What the exercise asks –
Give back the whole listing exactly as written, pictures excluded.

Provided material –
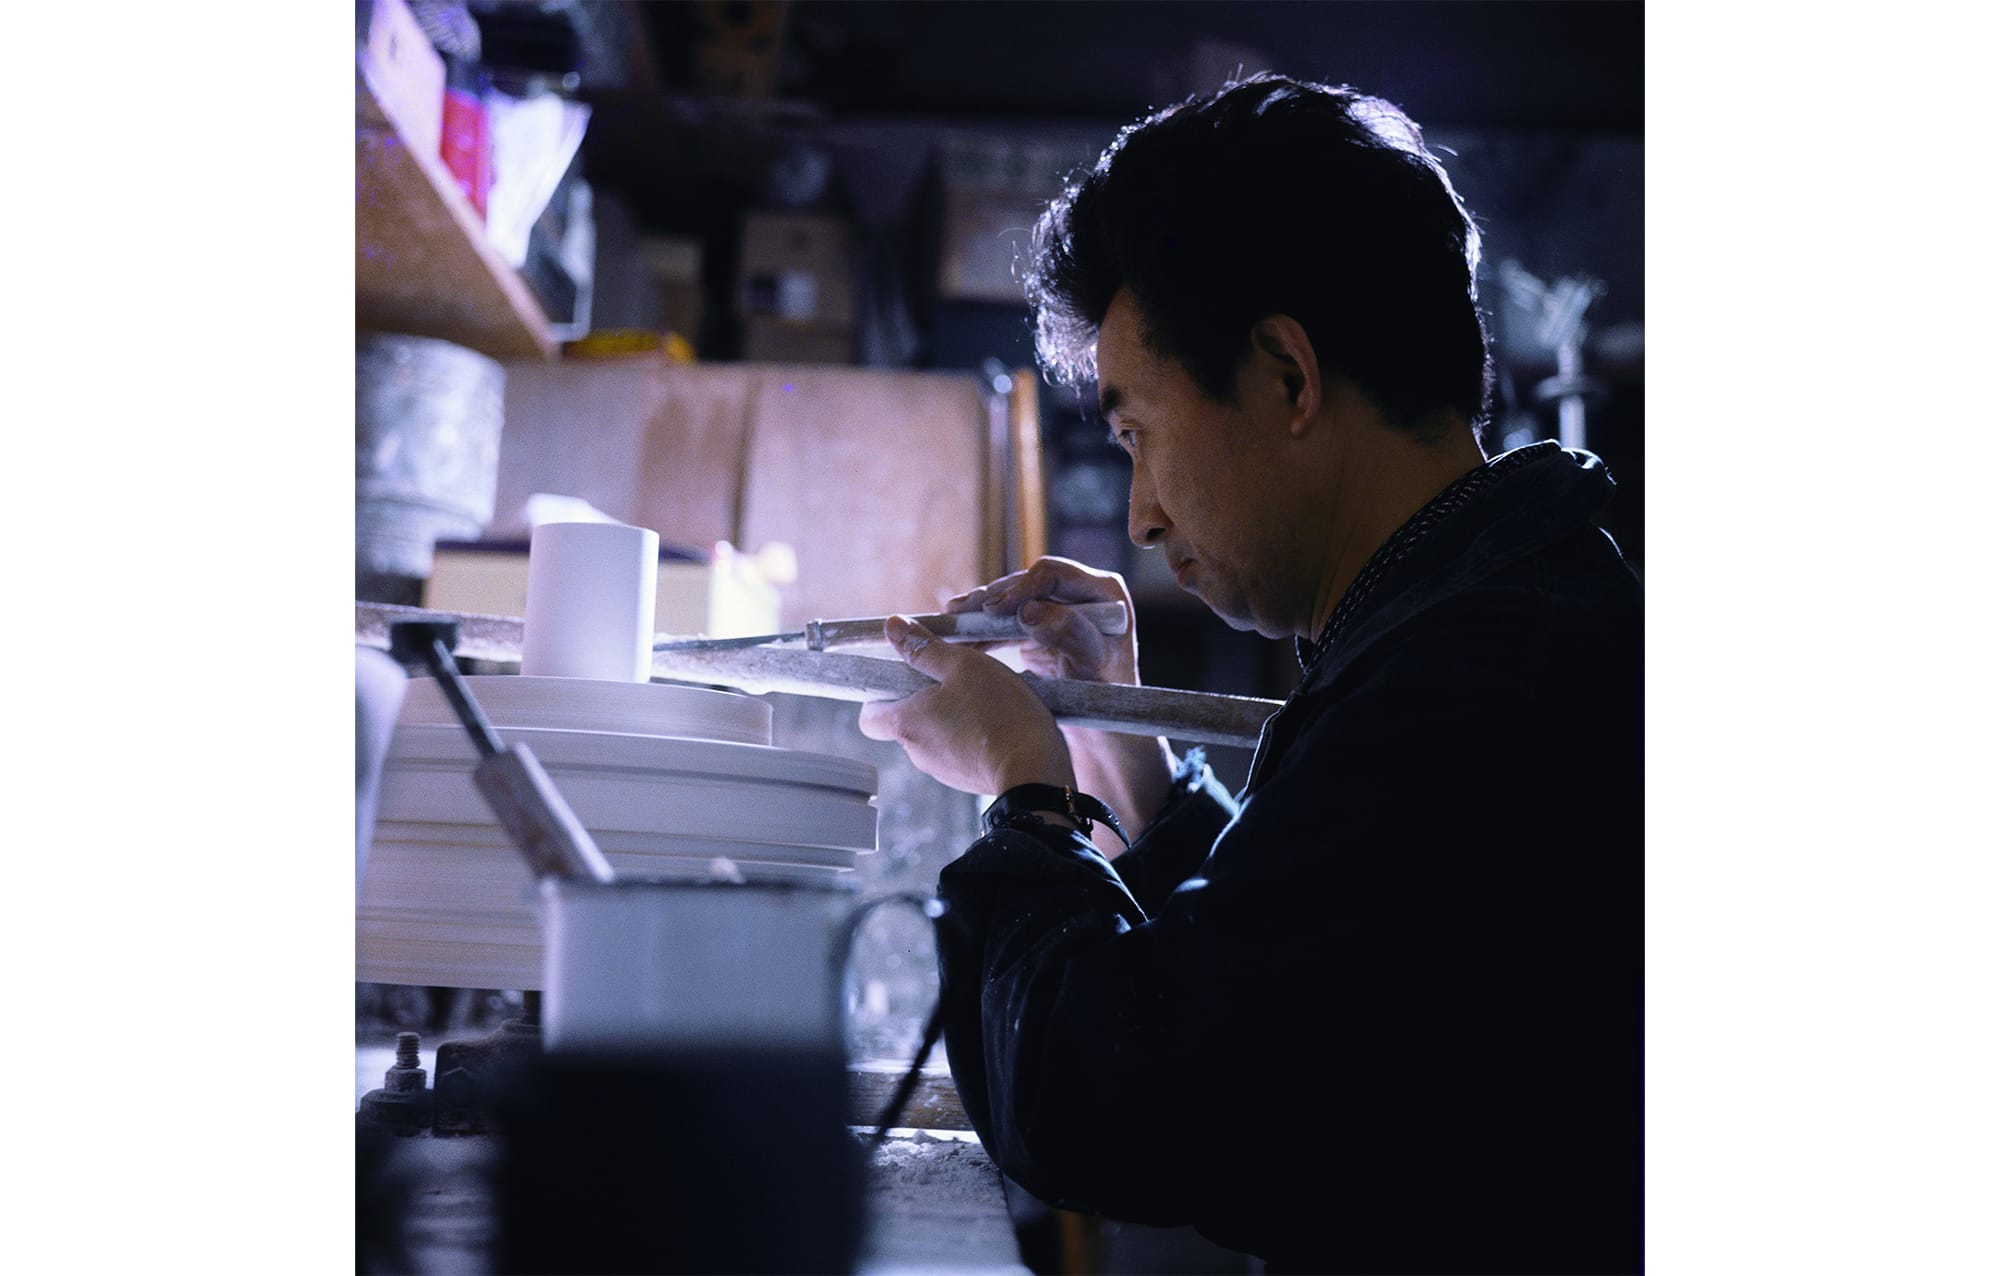 民芸運動の創始者・柳宗悦を父に持つ、戦後日本を代表するプロダクトデザイナー、柳宗理。柳工業デザイン研究所を設立し、日本におけるプロダクトデザインの発展に寄与した。「石膏ロクロで作業する柳宗理 @YANAGI DESIGN OFFICE」
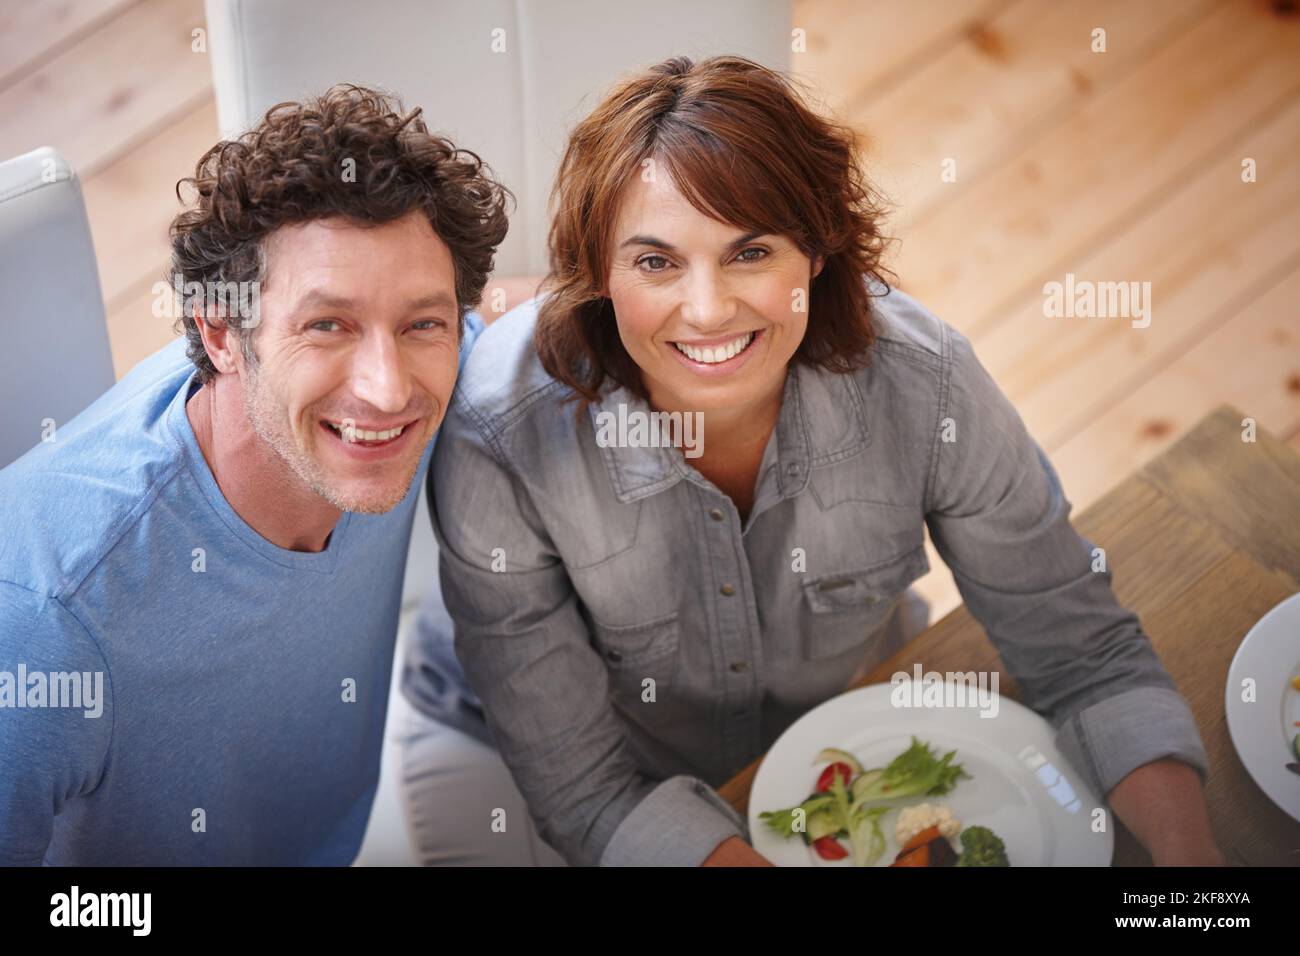 Fait avec amour. Portrait d'un couple souriant prenant un repas ensemble. Banque D'Images
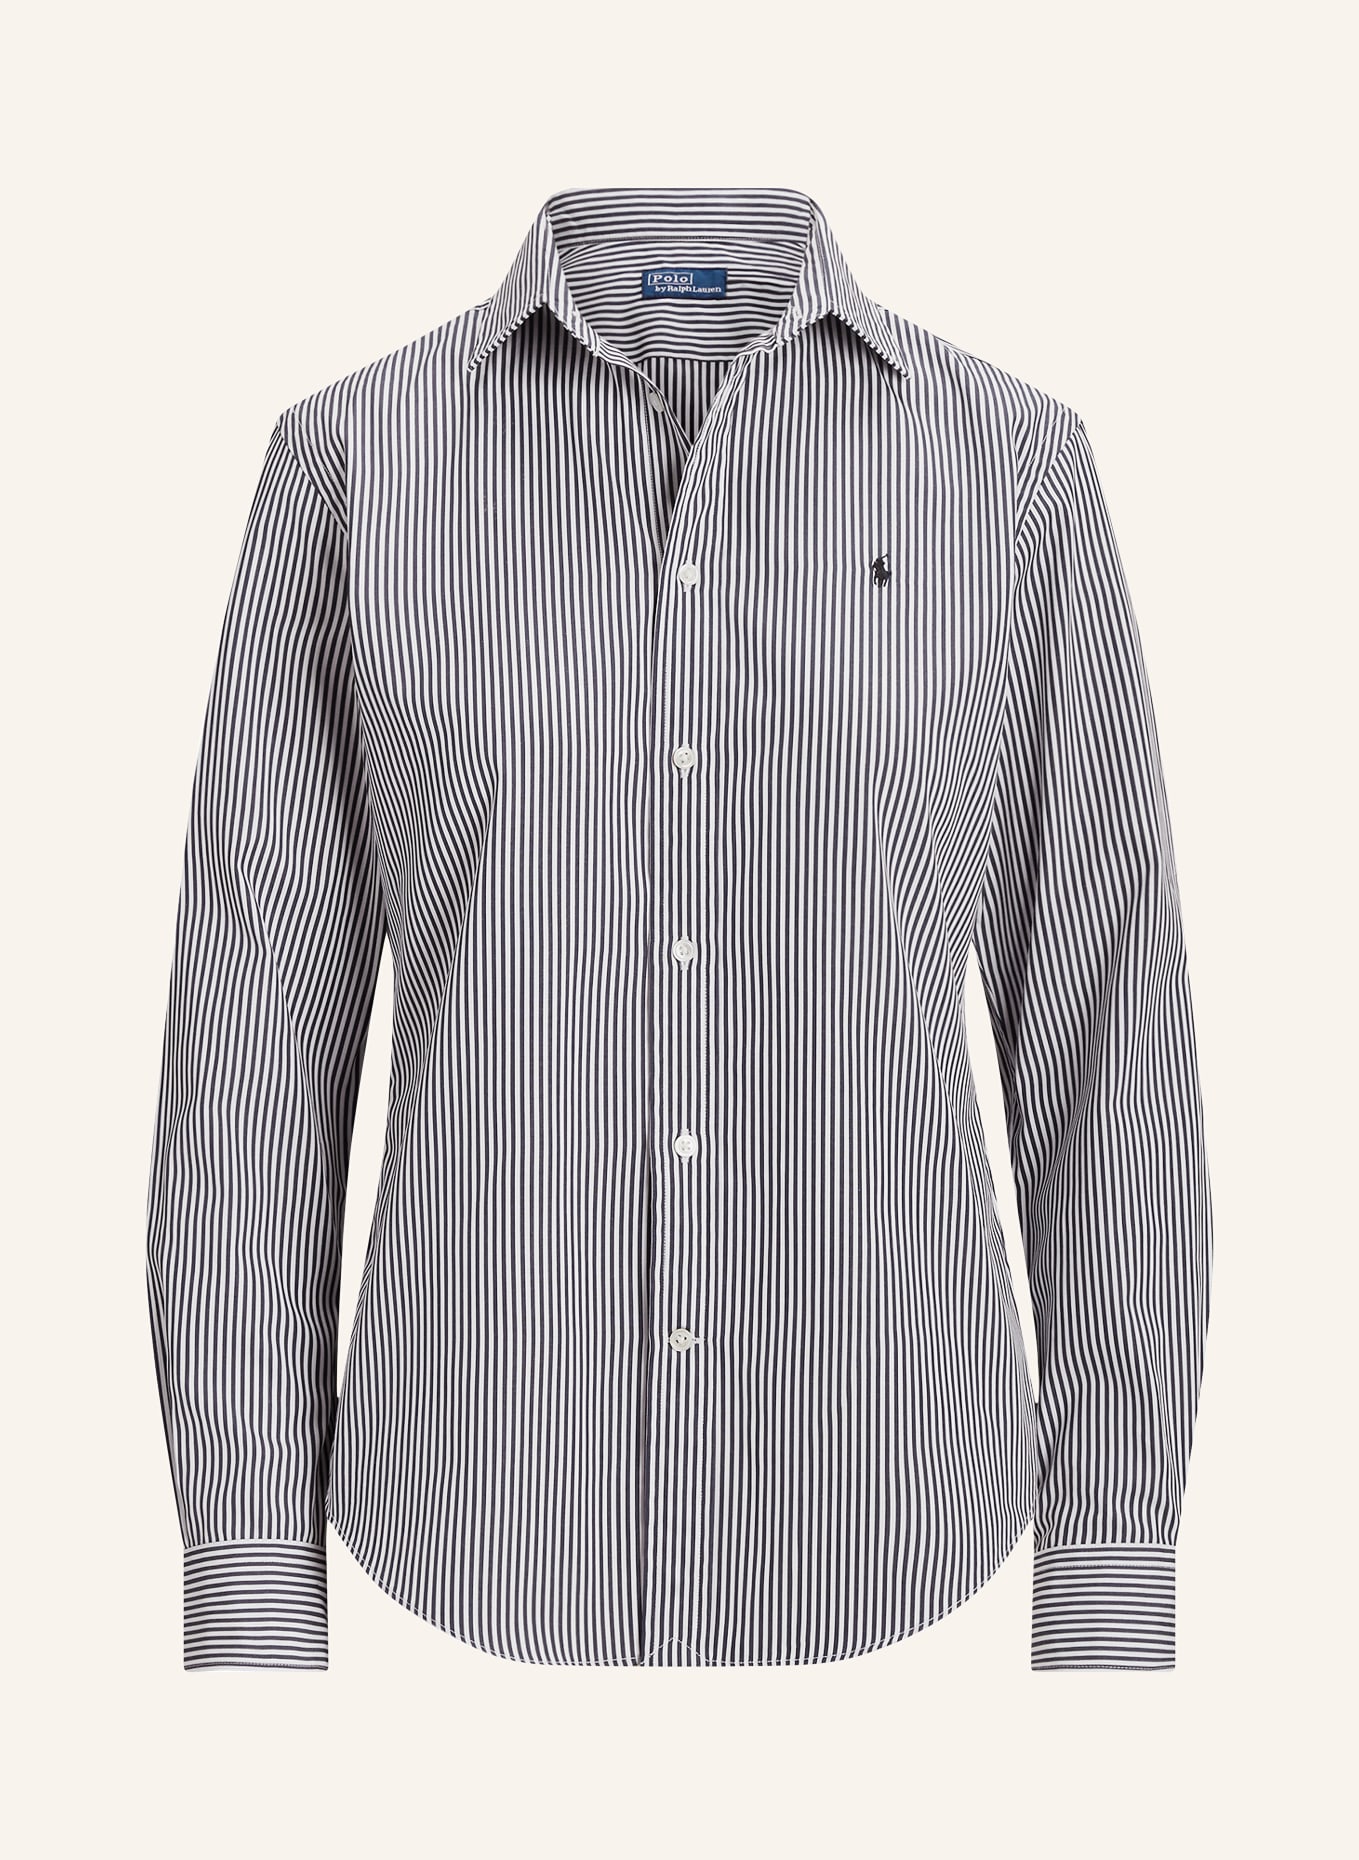 POLO RALPH LAUREN Shirt blouse, Color: BLACK/ WHITE (Image 1)

Solved exercise –
 民芸運動の創始者・柳宗悦を父に持つ、戦後日本を代表するプロダクトデザイナー、柳宗理。柳工業デザイン研究所を設立し、日本におけるプロダクトデザインの発展に寄与した。「石膏ロクロで作業する柳宗理 @YANAGI DESIGN OFFICE」
 Fait avec amour. Portrait d'un couple souriant prenant un repas ensemble. Banque D'Images
 POLO RALPH LAUREN Shirt blouse, Color: BLACK/ WHITE (Image 1)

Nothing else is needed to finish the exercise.